A trenta anni dalla tragedia della Moby Prince potrebbe aprirsi una nuova pista per cercare di far luce su quanto accaduto nel porto di Livorno, nella notte del 10 aprile del 1991, dove 140 persone morirono nel più grave incidente della marina civile italiana. Una pista che ha del clamoroso: una vendetta della mafia contro lo Stato, un anno prima della strage di Capaci. E’ questa l’ipotesi contenuta in un libro appena pubblicato da Mondadori, “Una strana nebbia” di Federico Zatti. Trovando un filo sottile che lega la Sicilia di Totò Riina alla Ravenna del Gruppo Ferruzzi, passando dalle cave di marmo di Carrara e dalle rotte marittime del petrolio, il giornalista ricostruisce una storia inedita che apre nuovi interrogativi. “Ho intitolato il libro ‘Una strana nebbia’ perché di nebbia si parlò fin dall’inizio. Era una delle basi su cui si è costruita la verità e il racconto di questi strano incidente – ha spiegato l’autore – Un traghetto che faceva la tratta Livorno-Olbia, appena uscito dal porto di notte, che va a finire contro una petroliera gigantesca ferma nella rada del porto. Colpisce la petroliera quasi a massima velocità. Come è possibile? La spiegazione che si individuò fin dalle prime ore dell’incidente fu quella di attribuirla a una nebbia molto densa e una imperizia del comandante del traghetto”. “Strana nebbia. Strana perché dopo 28 anni di racconto in questo senso la commissione d’inchiesta parlamentare che si è conclusa pochi anni fa ha distrutto queste verità processuali dicendo che non si puo più parlare di nebbia”, ha aggiunto Zatti. E allora, se non è la nebbia, cosa sarà stato? Restano aperti moltissimi interrogativi.
“Quello che ho fatto in questo libro è di aver cambiato il punto di vista. Se finora l’attenzione è rimasta concentrata sul traghetto e sulle 140 vittime io ho fatto l’operazione inversa. Ho iniziato a guardare la petroliera, quell’inerme, gigantesca petroliera che stava ferma in mezzo al mare. E ho iniziato a premi delle domande. Da dove veniva la petroliera? Dal posto dal quale si pensava sia arrivata, l’Egitto? Eppure c’è qualcosa che non torna in questo tragitto. Sono troppo pochi giorni di viaggio rispetto alla lunghezza delle miglia da coprire. Trasportava petrolio? Il comandante parlò di nafta, cioè benzina, mentre la petroliera avrebbe dovuto trasportare petrolio grezzo”. “Ecco che da queste domande io sono partito per ipotizzare una storia diversa. Ovvero quella di una vendetta mafiosa contro lo Stato per la gestione del petrolio. Allora la Moby Prince va contro la petroliera deliberatamente perché è stata dirottata. Questa è l’ipotesi che sostengo nel libro. Dopodiché sarà la magistratura che dovrà trovare le prove e determinare se questa è una verosimiglianza davvero reale”, ha sottolineato il giornalista.

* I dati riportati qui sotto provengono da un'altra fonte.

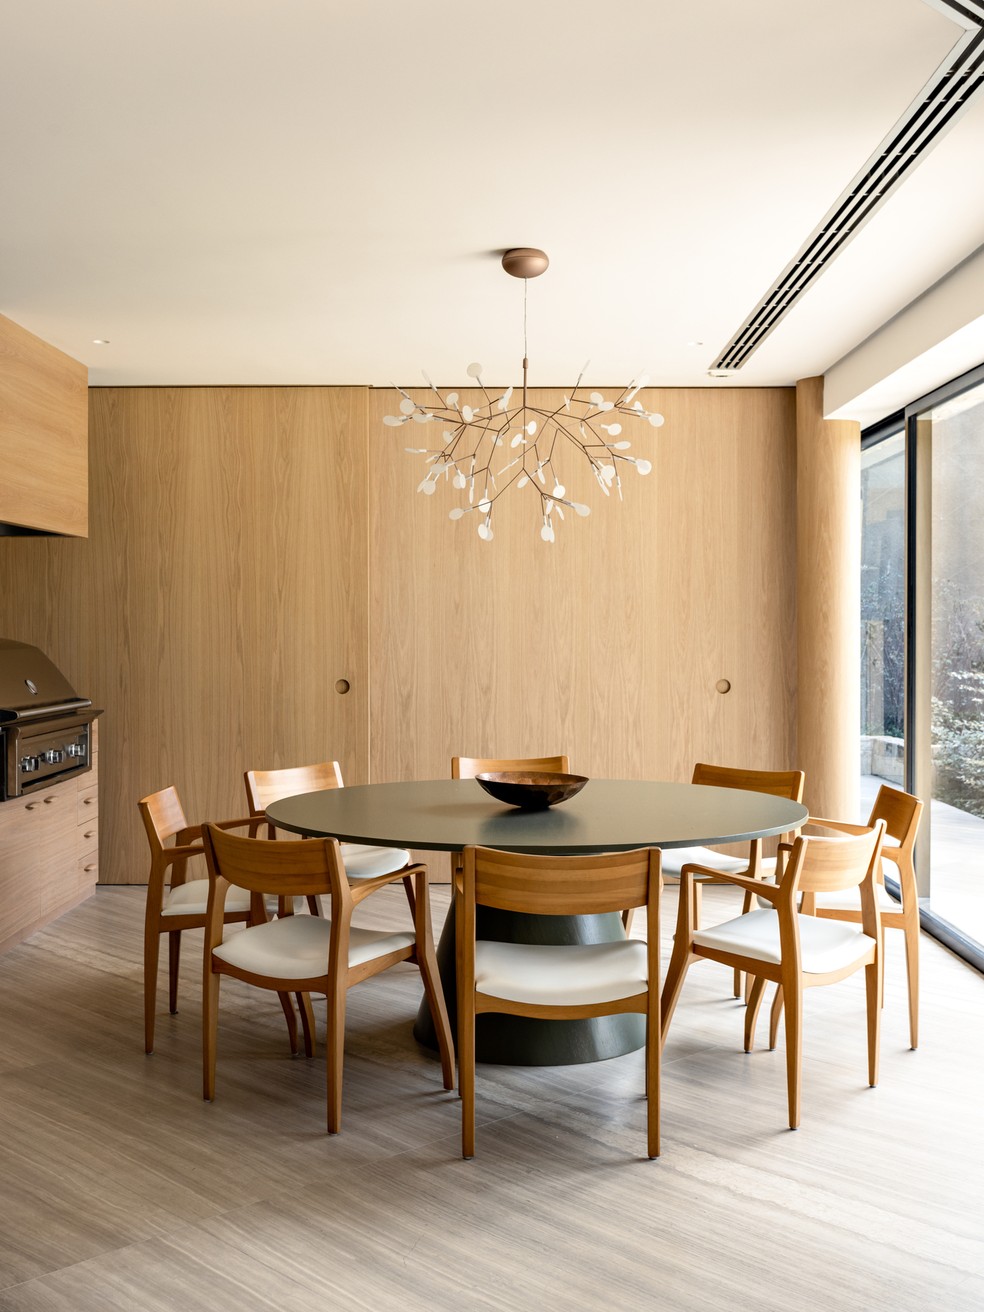 Cores neutras e mobiliário contemporâneo se encontram nesta casa de 884 m² em São Paulo — Foto: Fran Parente

“Nel momento in cui io cambio il punto di vista e parlo della petroliera tutto il racconto è un racconto di petrolio e petroliere. Ecco, c’è una coincidenza che è stata poco messa in relazione con la tragedia di Livorno: 12 ore dopo, a circa 80 miglia di distanza, fuori dal porto di Genova, c’è un’altra petroliera, la Haven, che prende fuoco e si inabissa con il suo carico. Secondo me le due circostanze, due petroliere che prendono fuoco nei due principali porti italiani, sono da mettere in correlazione e forse troverebbero la spiegazione nell’ipotesi della vendetta mafiosa”. È una pista del tutto nuova, originale, inedita, e che naturalmente dovrà appoggiarsi su delle prove concrete. “Io la ipotizzo mettendo insieme degli elementi di congruenza e che rispondono a tutte le domande aperte sul caso Moby Prince. Dopodiché saranno altri a trovare le prove definitive di questa ipotesi”, ha spiegato. “Io racconto di una mafia che proprio in quegli anni voleva appropriarsi del petrolio. Voleva entrare nel grande business, stava forse per farlo attraverso un passaggio di società e la scalata all’Enimont, e immediatamente fu espulsa perché Gardini fu fermato. Si interruppe questo progetto di cui probabilmente Gardini non era a conoscenza. Lo era Panzavolta, il numero due del gruppo Ferruzzi. Quindi nel libro lego questi eventi tutti insieme. La possibilità che ci sia una sorta di vendetta come ci ricordiamo essere stata la vendetta contro lo Stato con la strage di Capaci”.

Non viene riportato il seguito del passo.